Recent history provides two examples of countries who leaders took very different approaches to looming challenges. Before World War II, Argentina was one of the most prosperous nations in Latin America. Today, largely because of a combination of poor policy choices and outright inaction, Argentina has serious economic problems. In 2001, Argentina experienced the largest public debt default in history, and its standard of living has steadily declined.

On the other hand, there's the example of New Zealand. Like the United States and Europe, New Zealand has an aging population. Unlike the United States, New Zealand has taken steps to deal with the growing burden associated with its government pension system and other public benefits.

New Zealand is a work in progress, but at least its leaders have acknowledged the challenges at hand and have begun to address them. It's time the United States, and many other nations faced up to the challenge of our changing world. Because the truth is, thanks to the forces of globalization and other long-term trends, whether we live in Washington, London, or Beijing, we're increasingly in the same boat. As I said before, no country can or should go it alone. We're going to have to partner with each other to develop shared solutions to these problems. The choice is simple.

We can start rowing together or we can risk sinking separately. As a republic, the United States has existed for a little more than 200 years. In the context of both English and world history, I know that's not a long time. For example, the Roman Republic endured for about 500 years, before it finally fell - more than twice as long as the American experiment in representative government has lasted so far. The Roman Republic ended for many reasons, but three seem particularly relevant to today. The first reason was a decline in moral values and political comity at home. The second reason was over-confidence and over-extension abroad. The third reason was fiscal irresponsibility by the central government.

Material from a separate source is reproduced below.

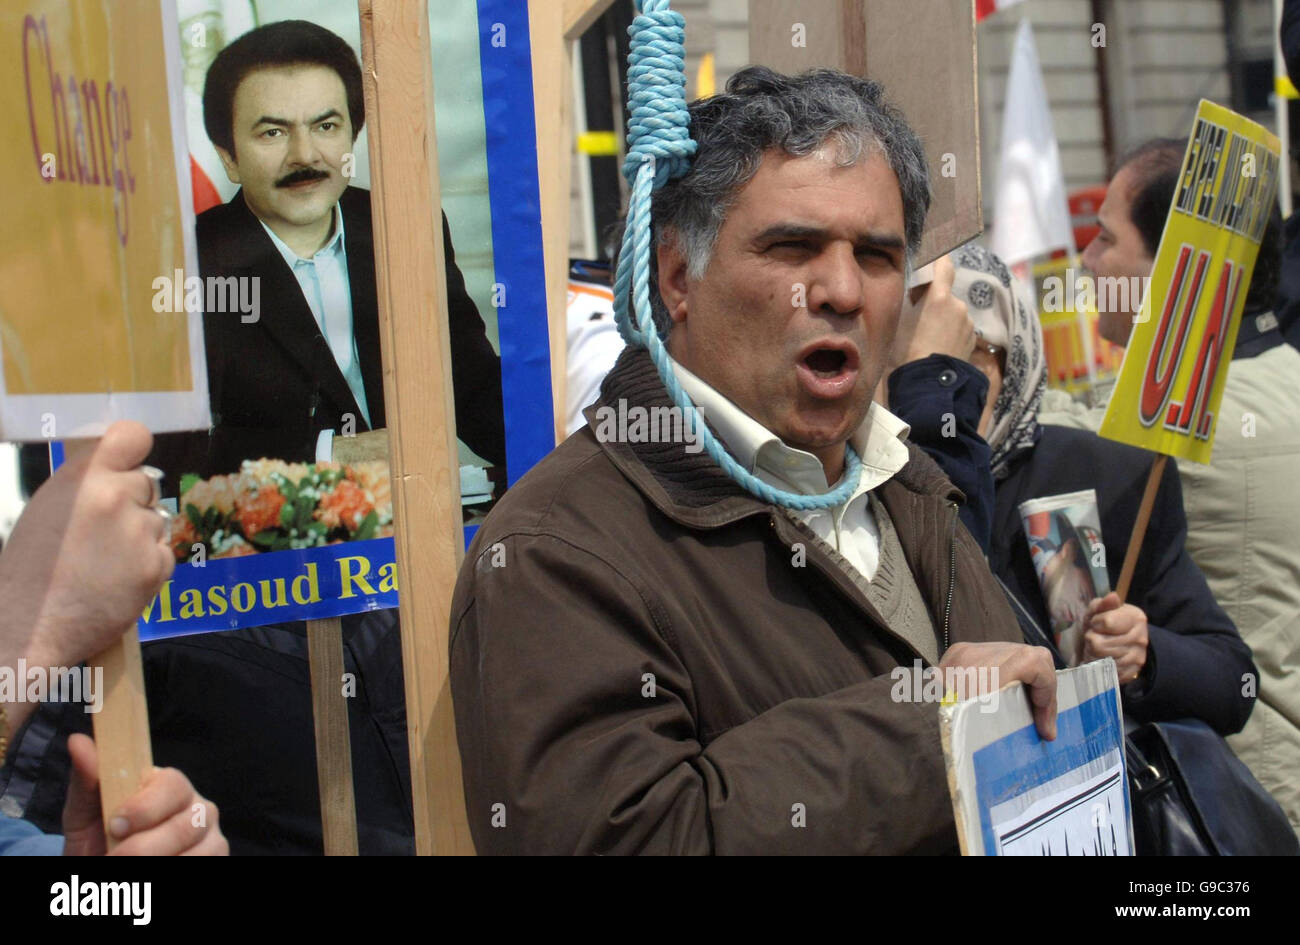 Des membres du mouvement de résistance iranien manifestent sur la place du Parlement à Londres, demandant au gouvernement et au Conseil de sécurité des Nations Unies de « réprimer le terrorisme débridé des mollahs » contre des citoyens irakiens innocents et des réfugiés politiques iraniens dans la ville d'Ashraf en Irak. Banque D'Images

As I pointed out earlier, by learning from history, we can avoid repeating the mistakes of the past. We can and we must address the challenges I've discussed. And we need to do it sooner rather than later, while there's still a window of opportunity to act.

For many of the challenges I've mentioned, a few substantive reforms phased-in over time will make a huge difference. That way, we can minimize the need for drastic measures down the road and give all of our citizens more time to adjust to any changes.

In closing, America has faced great challenges in the past and we have always risen to face the challenge. I am convinced that we can, we must and eventually we will ultimately rise to meet this challenge. My efforts are designed to help to assure that we do so sooner rather than later not just for our country's sake, but for the sakes of our children, grandchildren and others who will suffer in the wake of our problems if we fail to act. The time for action is now!